The salary is at or above market. They are treating this as a skilled role. They know that managing an automated documentation pipeline requires more architectural thinking than writing everything from scratch.
They offer a career path. "This role will grow into leadership of our technical content function." They are looking for someone to build the standards that scale with the product.
A quick checklist for evaluating any posting:
- Does the job use ownership language ("own," "lead," "build") or service language ("support," "assist," "contribute")?
- Is the reporting structure named, and does it make sense for a technical role?
- Does the job description mention AI and mention validation, governance, or editorial standards?
- Is the salary at or above market for the experience level requested?
- Does the company describe what makes their documentation complex, or do they just list tools?
If you get three or more "no" answers, keep looking.
The Part Everyone Gets Wrong About 2025
The best technical writing roles now include "manage AI documentation tools" as a responsibility.
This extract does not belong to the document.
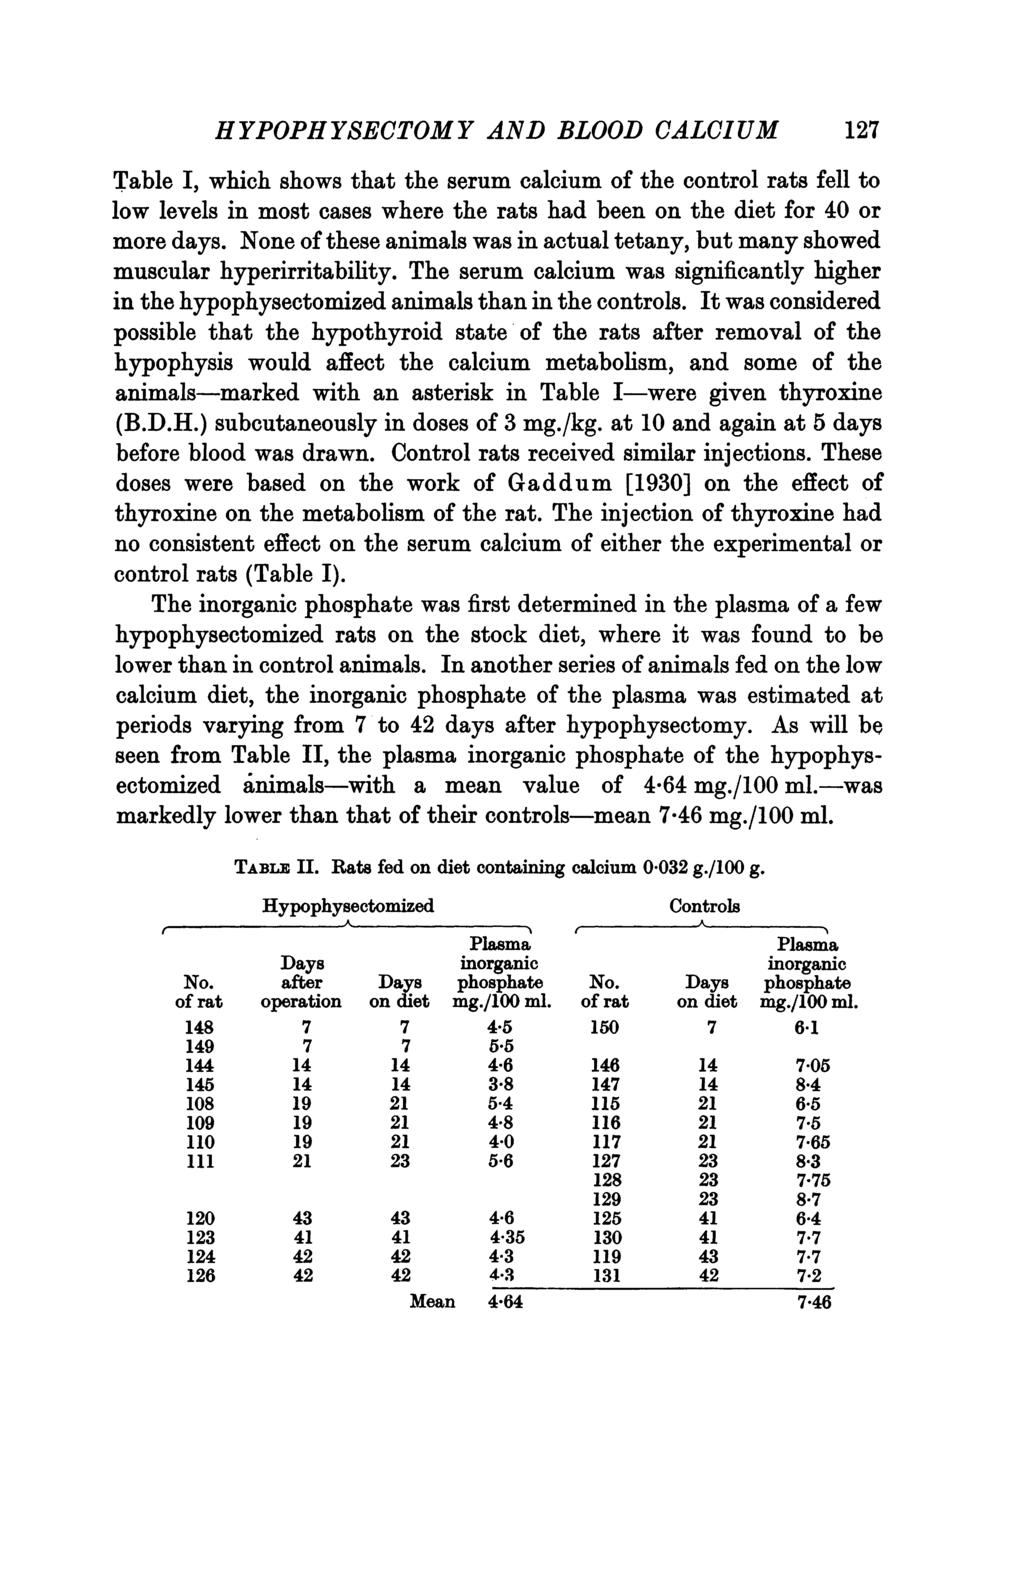 HYPOPHYSECTOMY AND BLOOD CALCIUM 127 Table I, which shows that the serum calcium of the control rats fell to low levels in most cases where the rats had been on the diet for 40 or more days.

That is not a threat. It is the job evolving into something more durable.
If a job description mentions AI, but also mentions editorial oversight, validation standards, and content strategy, that is a company that gets it. They understand that the work has shifted from content creation to content architecture. Practitioners who have been tracking this shift note that writers will need to focus more on content strategy, information architecture, and tooling, and less on raw writing output — while being expected to operate AI tools as qualified system operators, not passive users.
Roles that combine writing with knowledge management, information architecture, or developer experience are safer bets than pure production roles. The job descriptions worth pursuing are the ones that talk about building systems rather than creating content. Shopify's engineering blog describes documentation as an operational tool that allows a company to scale — and the companies that have internalized that idea write job descriptions that reflect it.
The cyborg model of technical writing — humans and AI working in close collaboration, with the writer steering, reviewing, and verifying — is the model that describes reality in 2025. The writer is not being replaced. The writer is being asked to operate a more powerful system. The question is whether the company you are evaluating understands that distinction.
If you are looking at a role that involves managing AI-generated documentation at scale — release notes, API references, changelogs — look for language that treats you as the system operator, not the system output. Unmanaged AI produces drift, hallucinations, and broken trust. Managed AI scales.
The companies hiring writers to validate and govern tools like Doc Holiday are the ones building documentation teams for the next decade, not dismantling them. They understand that AI generates the first draft from the code commit, but it takes a skilled operator to review it, catch the edge cases, and maintain architectural coherence. That is the workflow worth joining.